_TASK DIRECTIONS_
Retype the lines below exactly, but only those from the line that has "Скриншот официального интернет-ресурса" through the line that has "Mother Sita had". Omit every picture.

_DATA FOR THE TASK_
┌────────

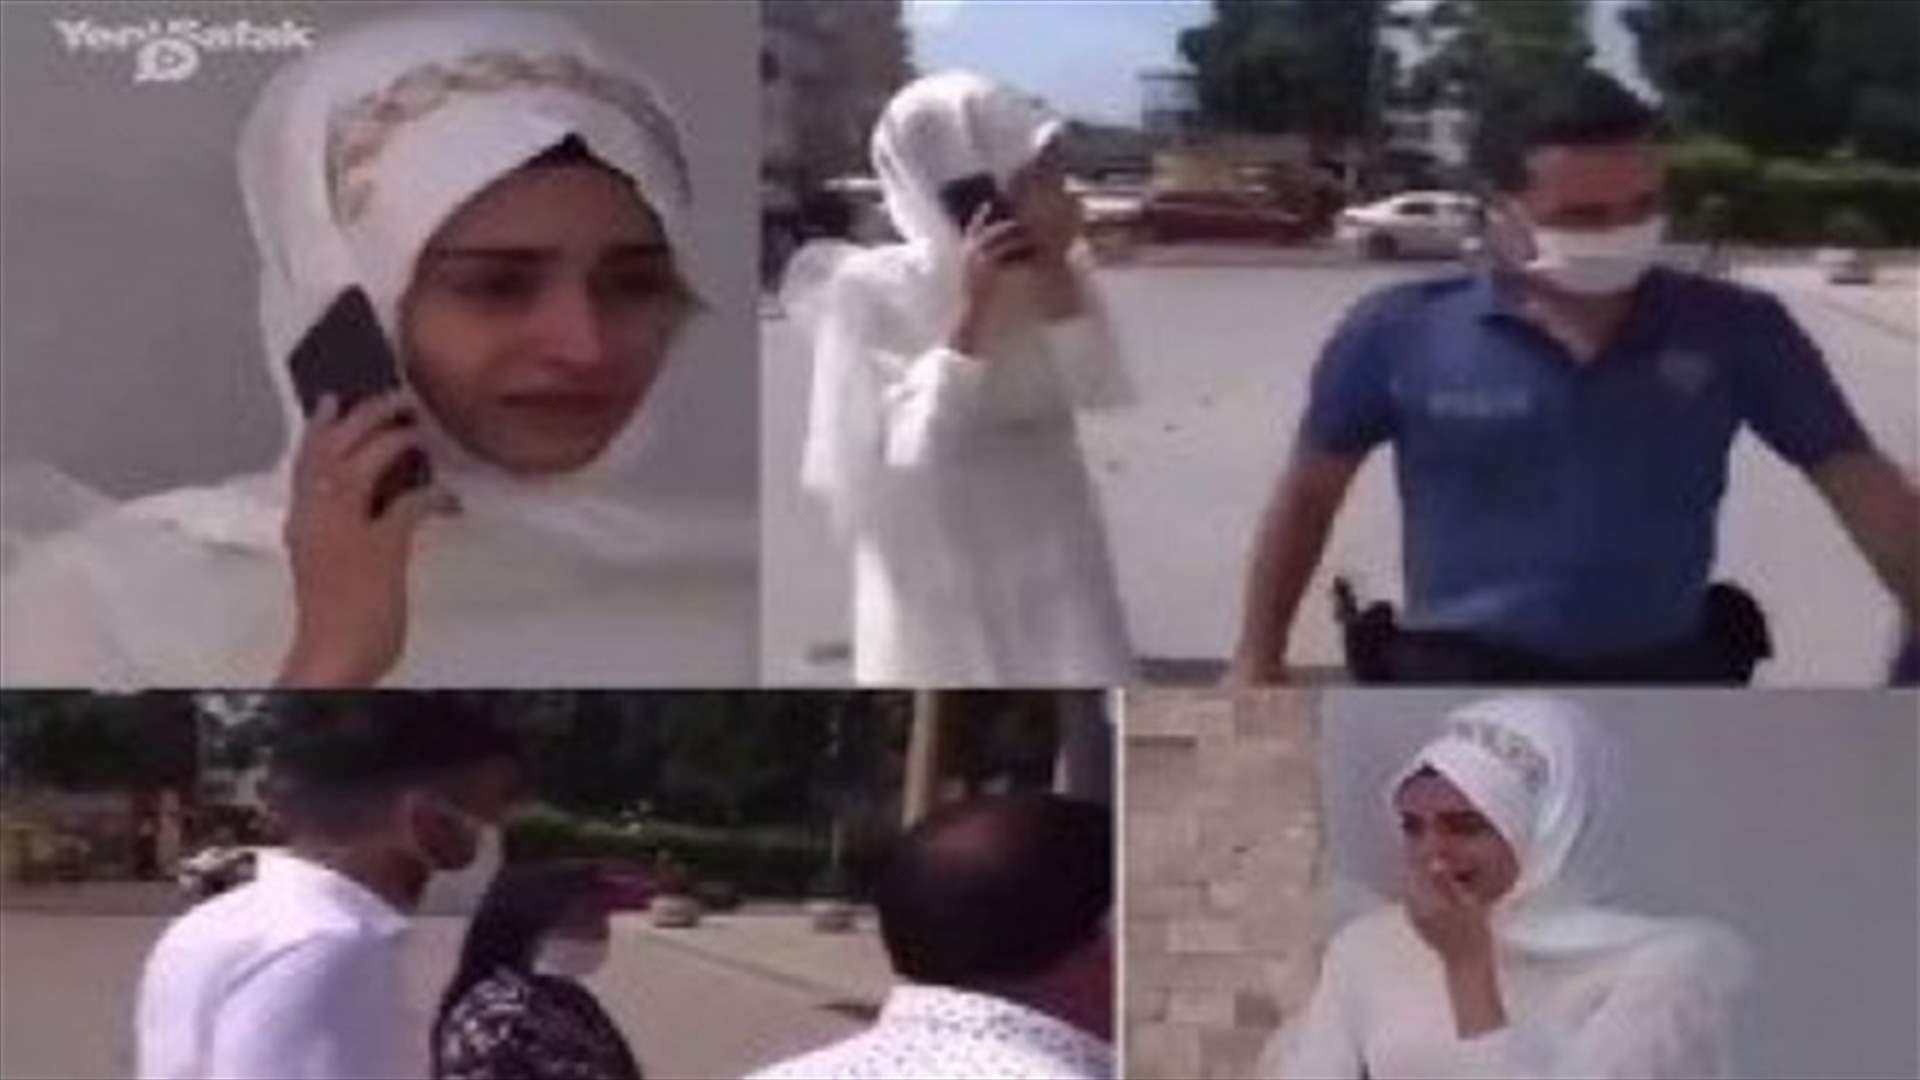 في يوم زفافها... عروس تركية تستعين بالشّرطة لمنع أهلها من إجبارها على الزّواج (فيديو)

└────────
┌────────

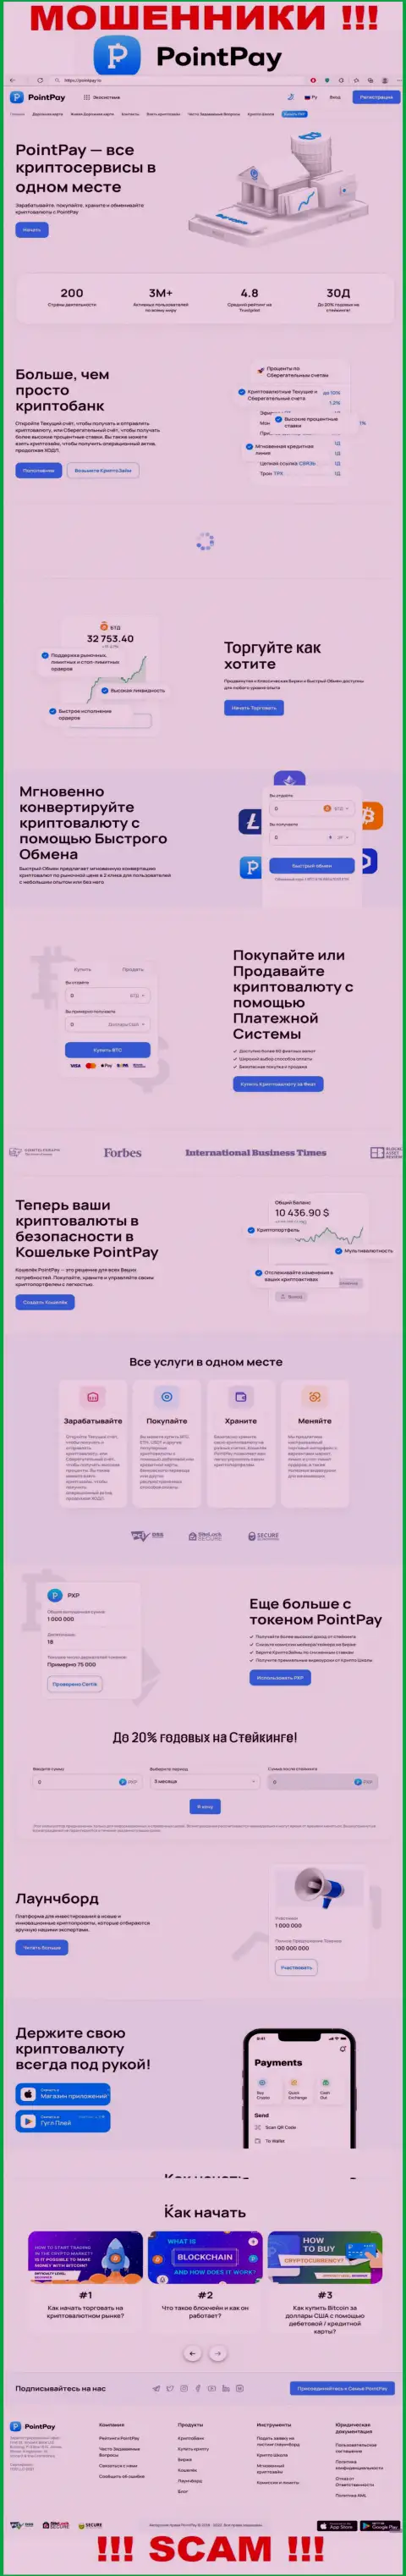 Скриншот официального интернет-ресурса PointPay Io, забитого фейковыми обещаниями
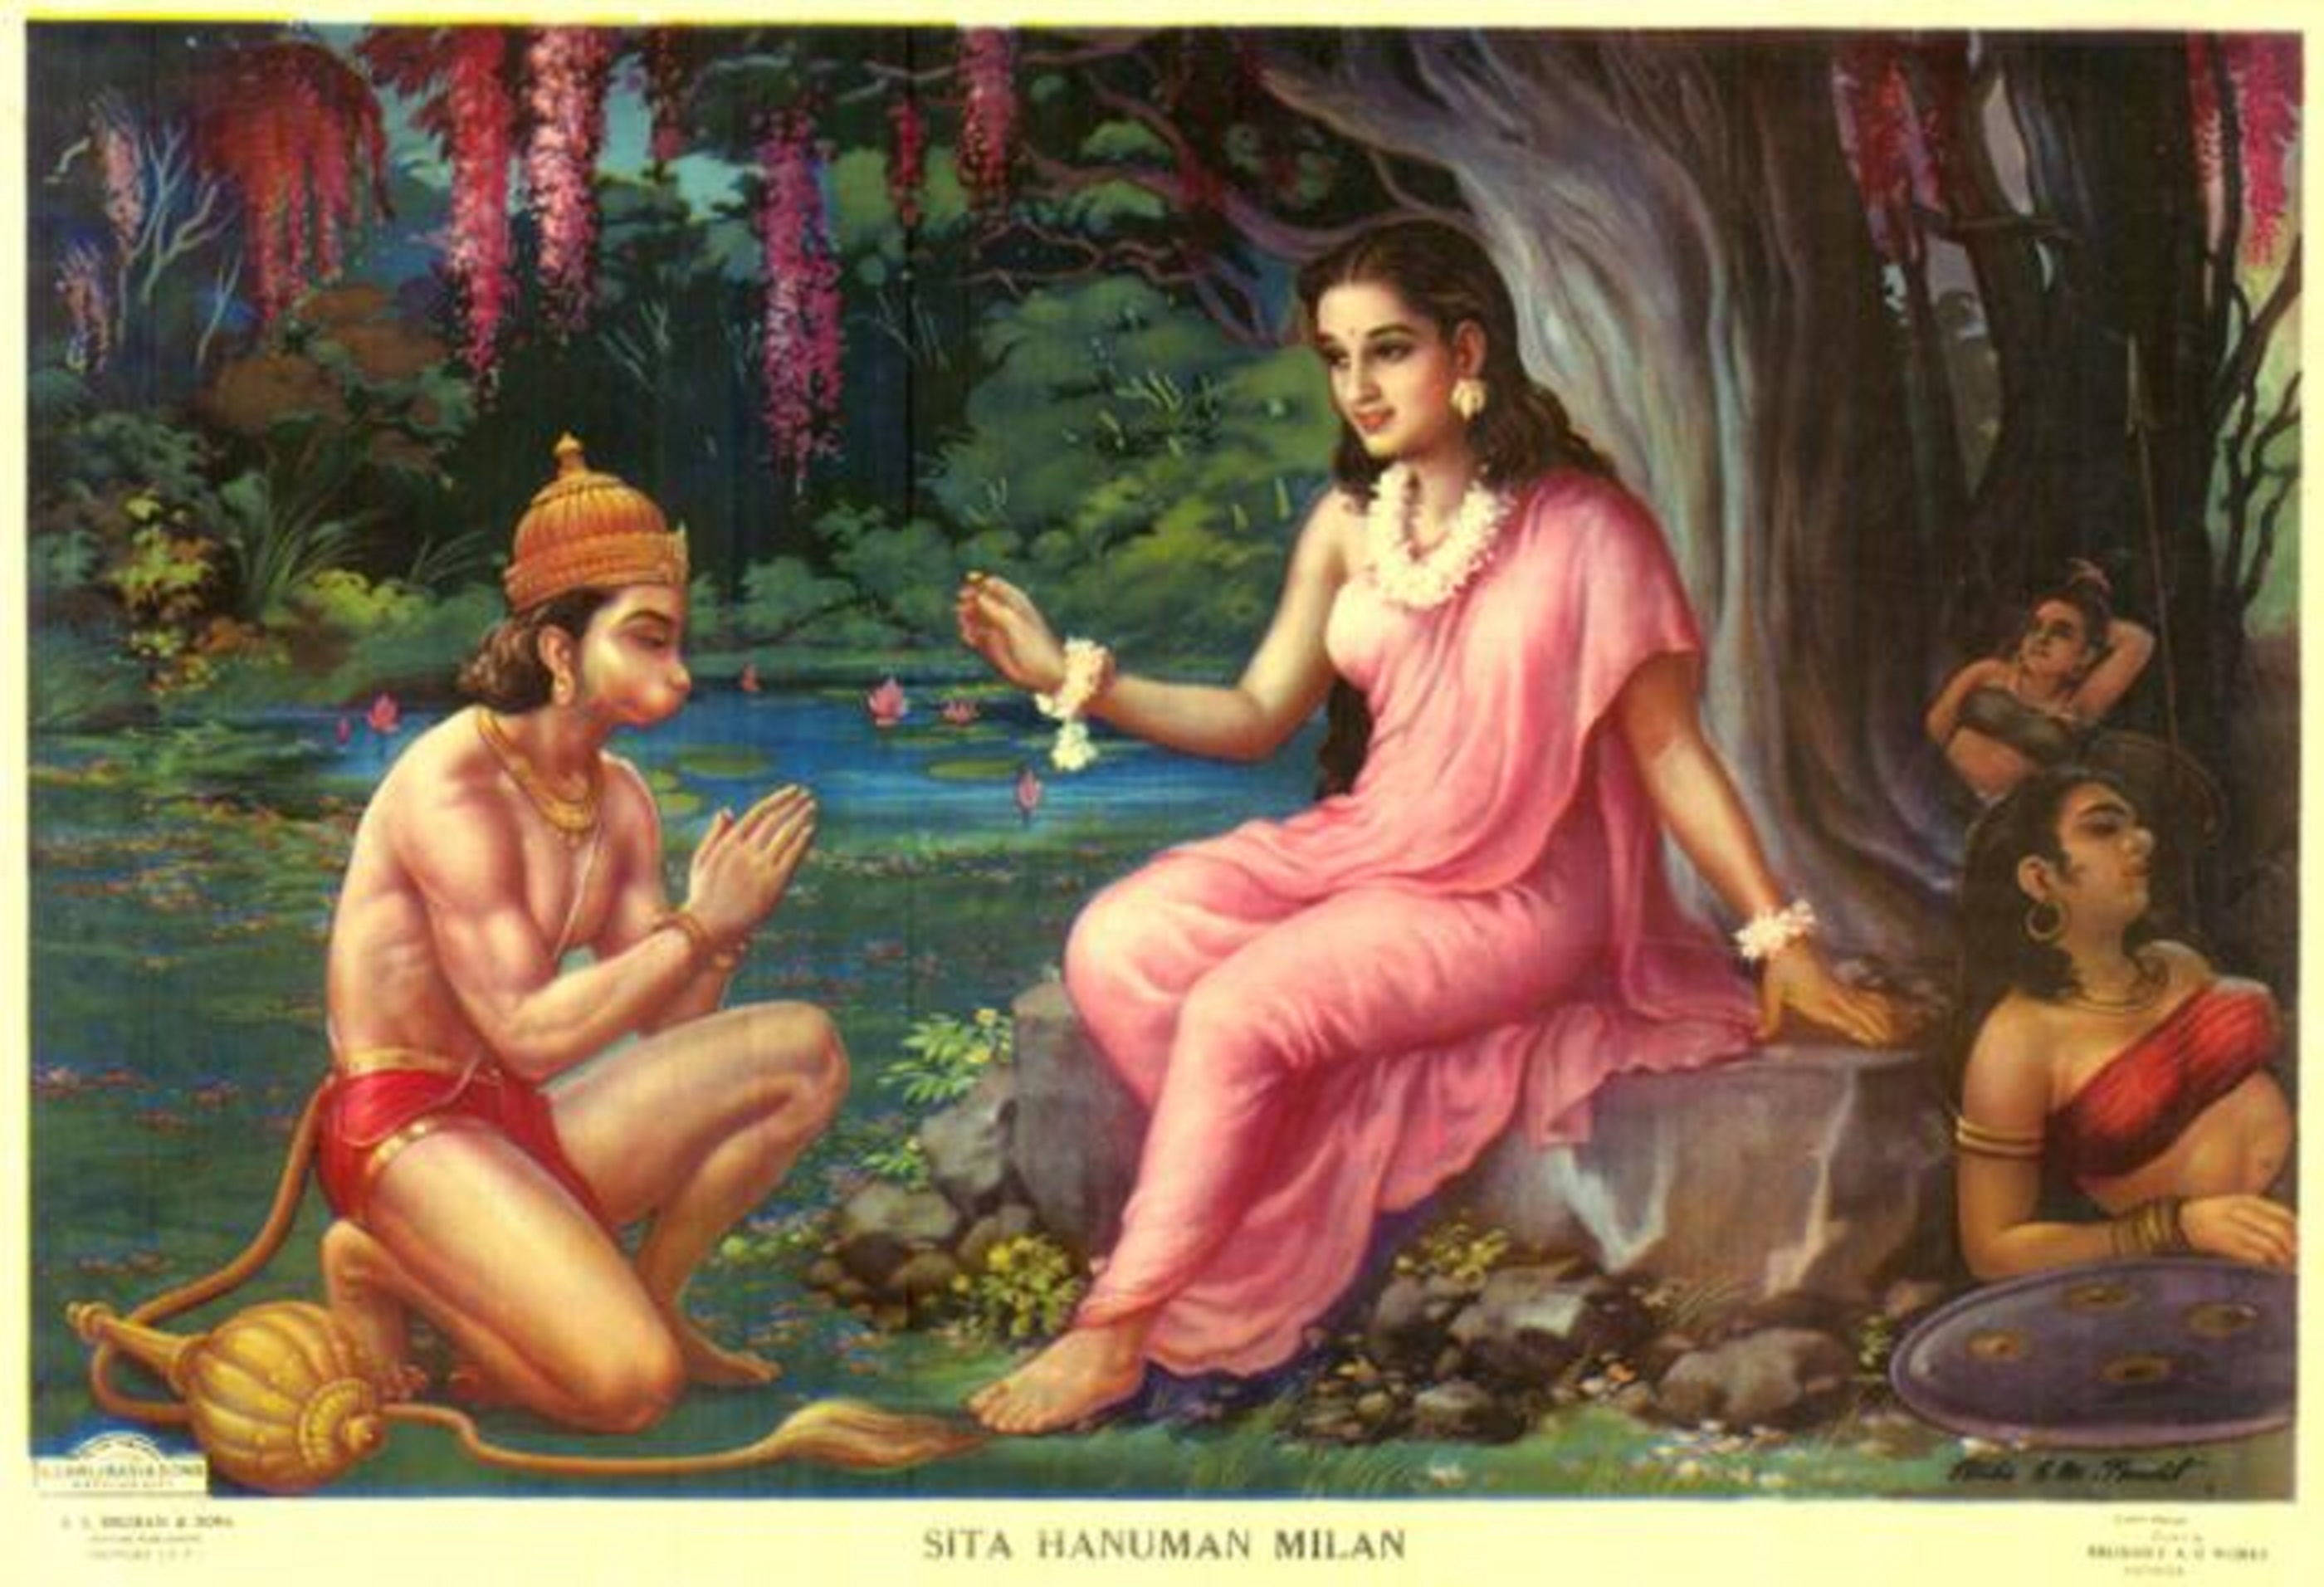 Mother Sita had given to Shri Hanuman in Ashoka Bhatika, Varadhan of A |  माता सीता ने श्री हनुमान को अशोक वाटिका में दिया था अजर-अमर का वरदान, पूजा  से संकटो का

└────────
┌────────

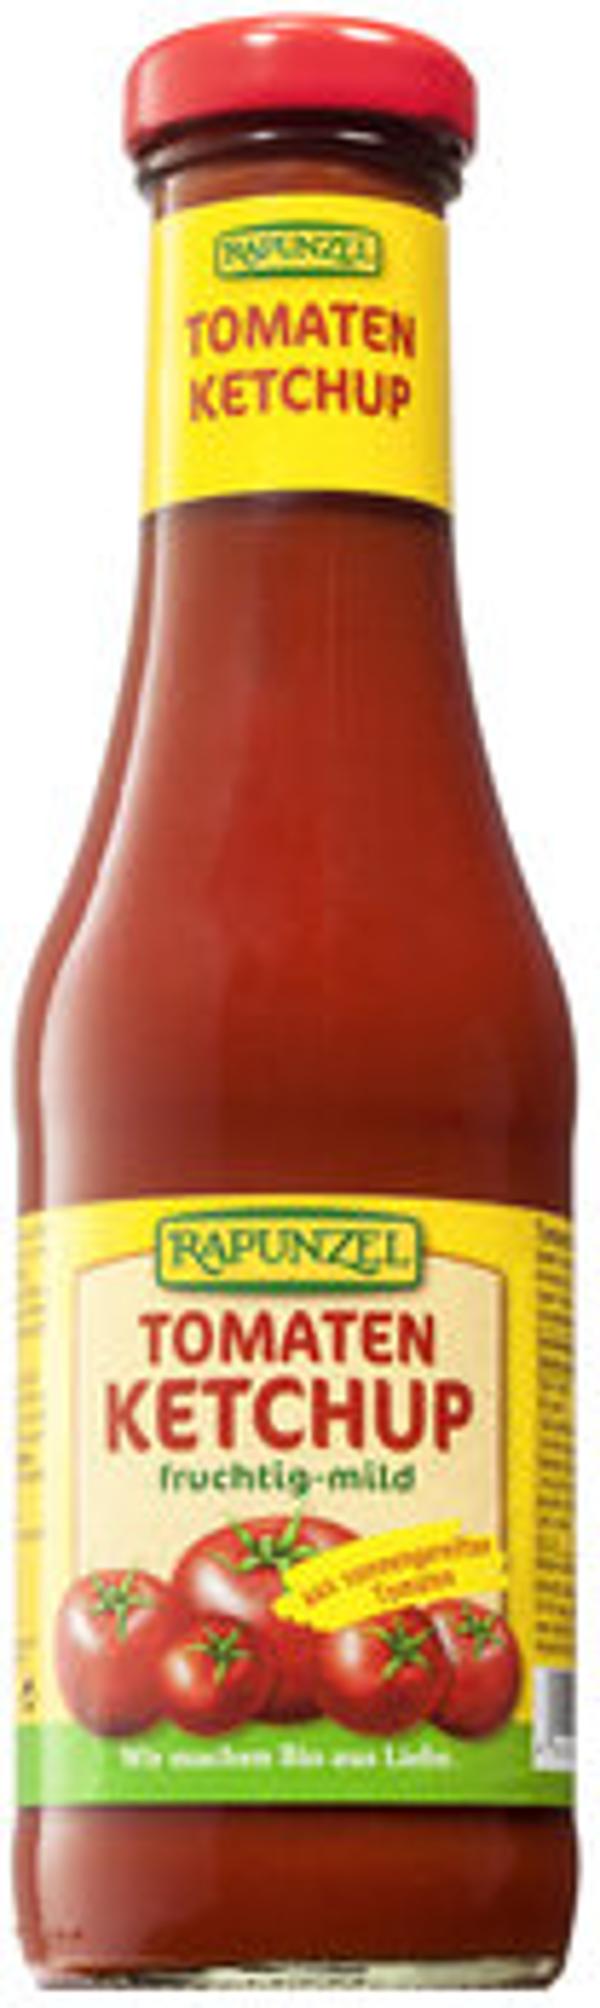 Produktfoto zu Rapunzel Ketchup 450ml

└────────

_ANSWER FOR THIS EXERCISE_
 Скриншот официального интернет-ресурса PointPay Io, забитого фейковыми обещаниями
 Mother Sita had given to Shri Hanuman in Ashoka Bhatika, Varadhan of A |  माता सीता ने श्री हनुमान को अशोक वाटिका में दिया था अजर-अमर का वरदान, पूजा  से संकटो का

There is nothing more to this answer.